_INFORMATION SHOWN:_
--

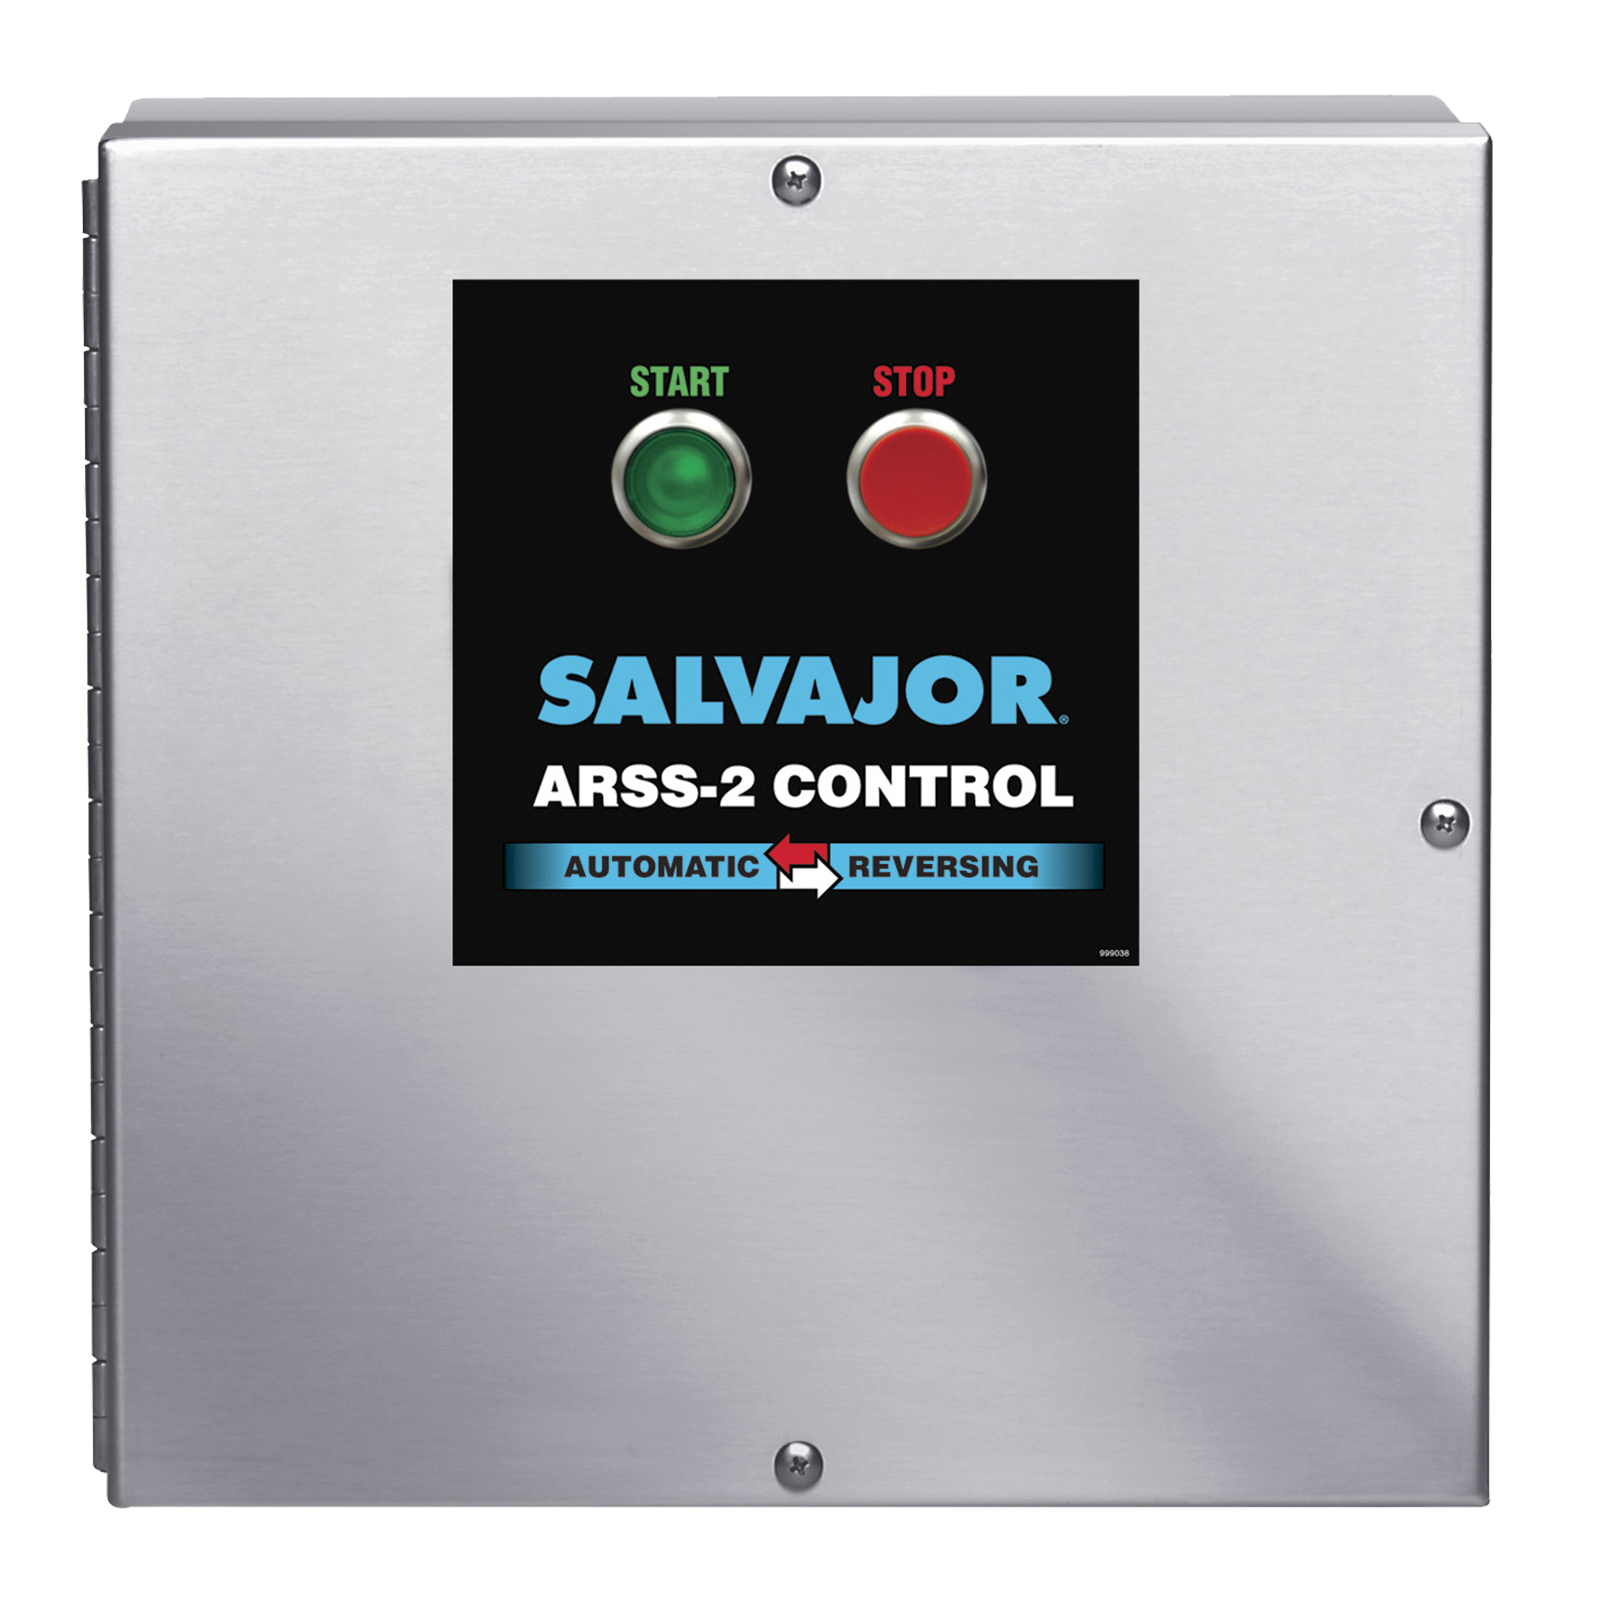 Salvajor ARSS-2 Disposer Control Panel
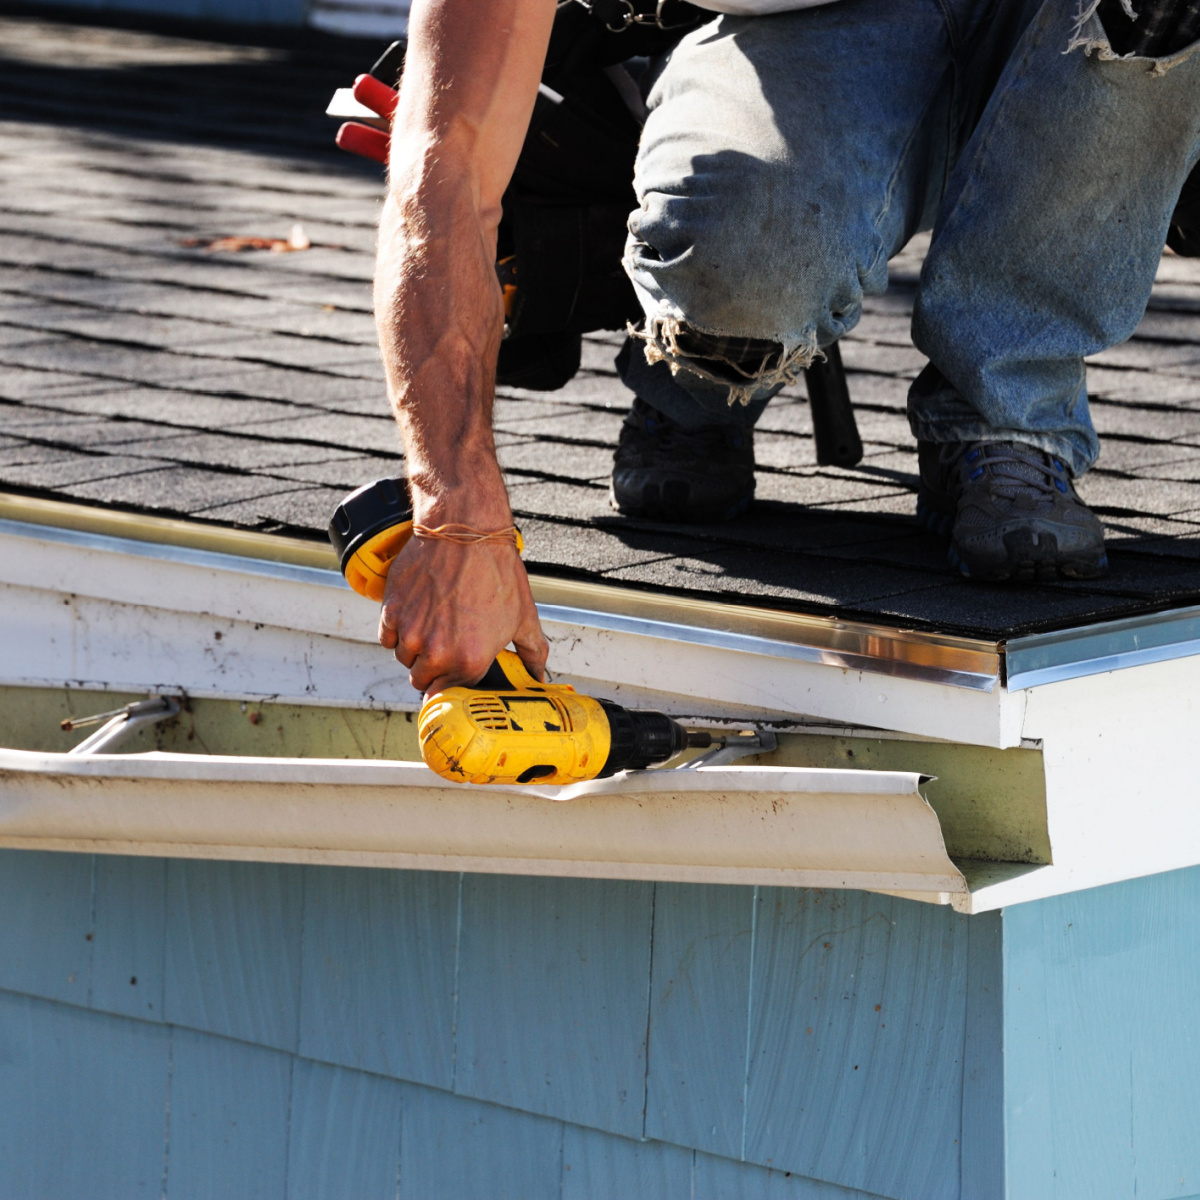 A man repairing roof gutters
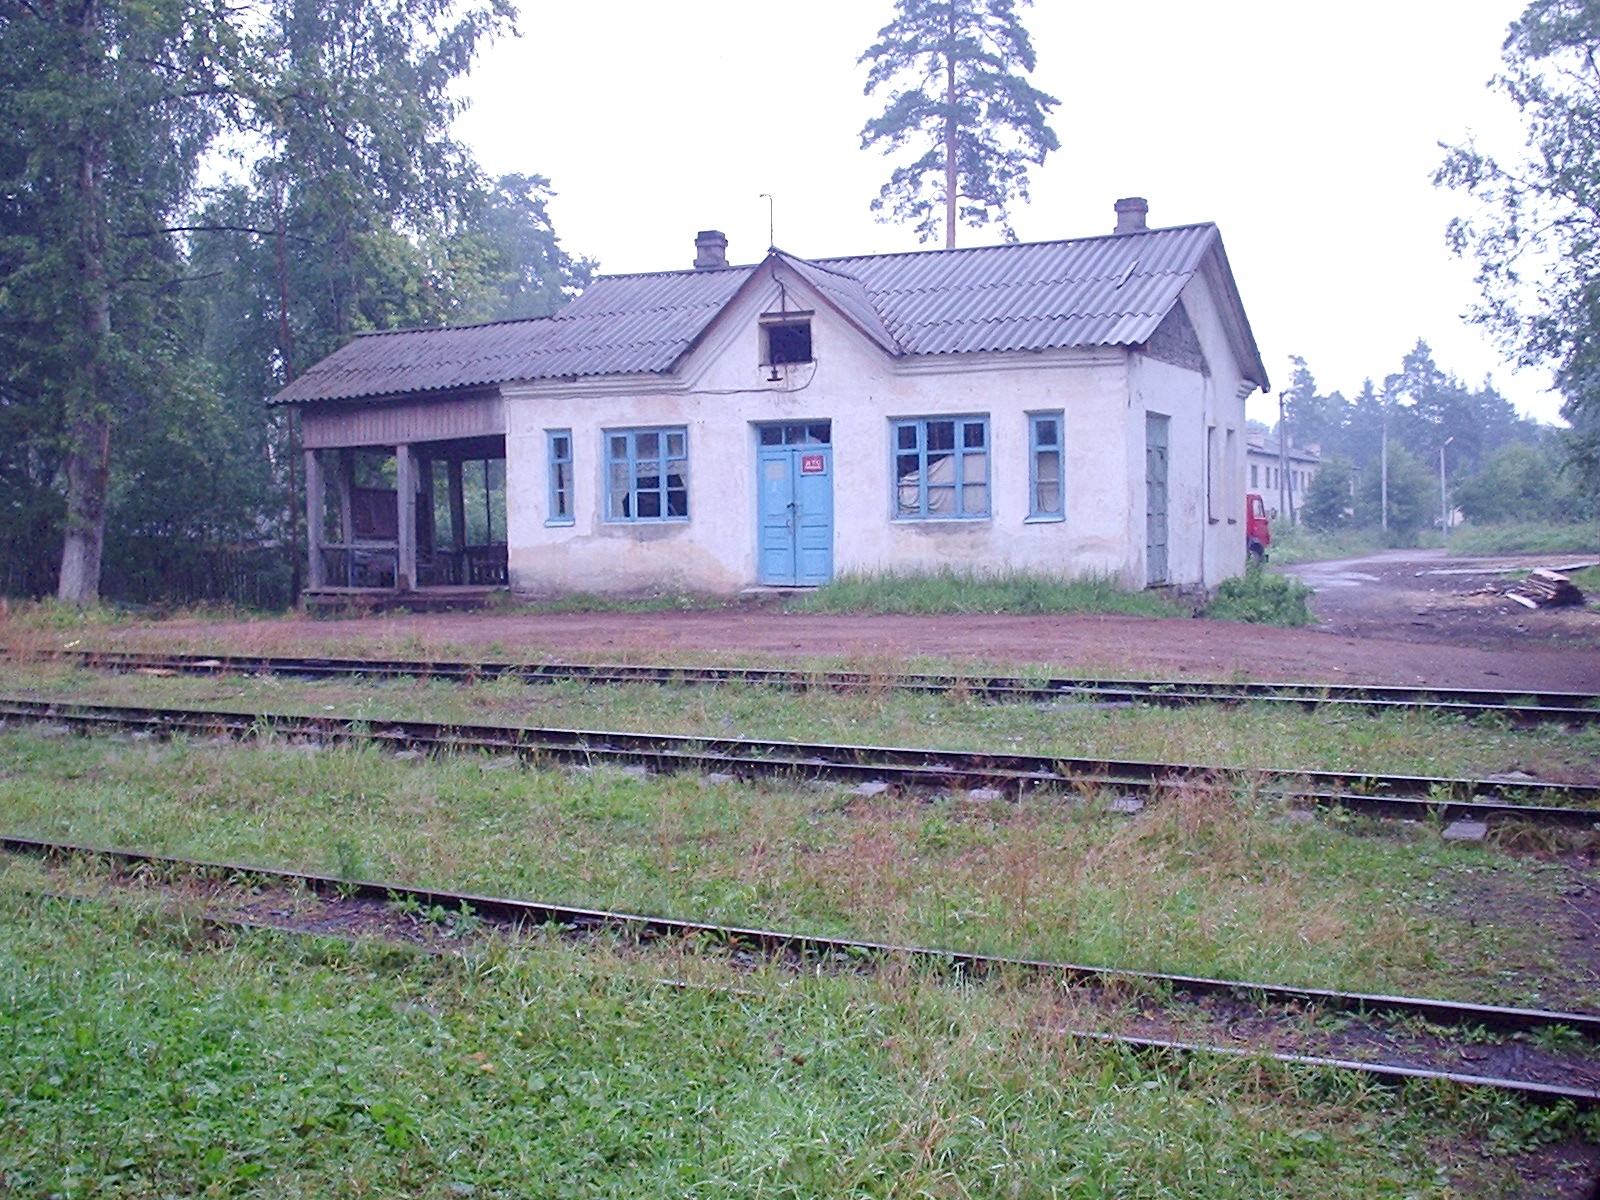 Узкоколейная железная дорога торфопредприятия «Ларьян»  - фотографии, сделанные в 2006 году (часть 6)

--

_DIRECTIONS:_ Begin at the line containing "A man repairing roof gutters" and stop at the final line of the data. Retype those lines exactly, without the pictures.

_EXERCISE ANSWER:_
 A man repairing roof gutters
 Узкоколейная железная дорога торфопредприятия «Ларьян»  - фотографии, сделанные в 2006 году (часть 6)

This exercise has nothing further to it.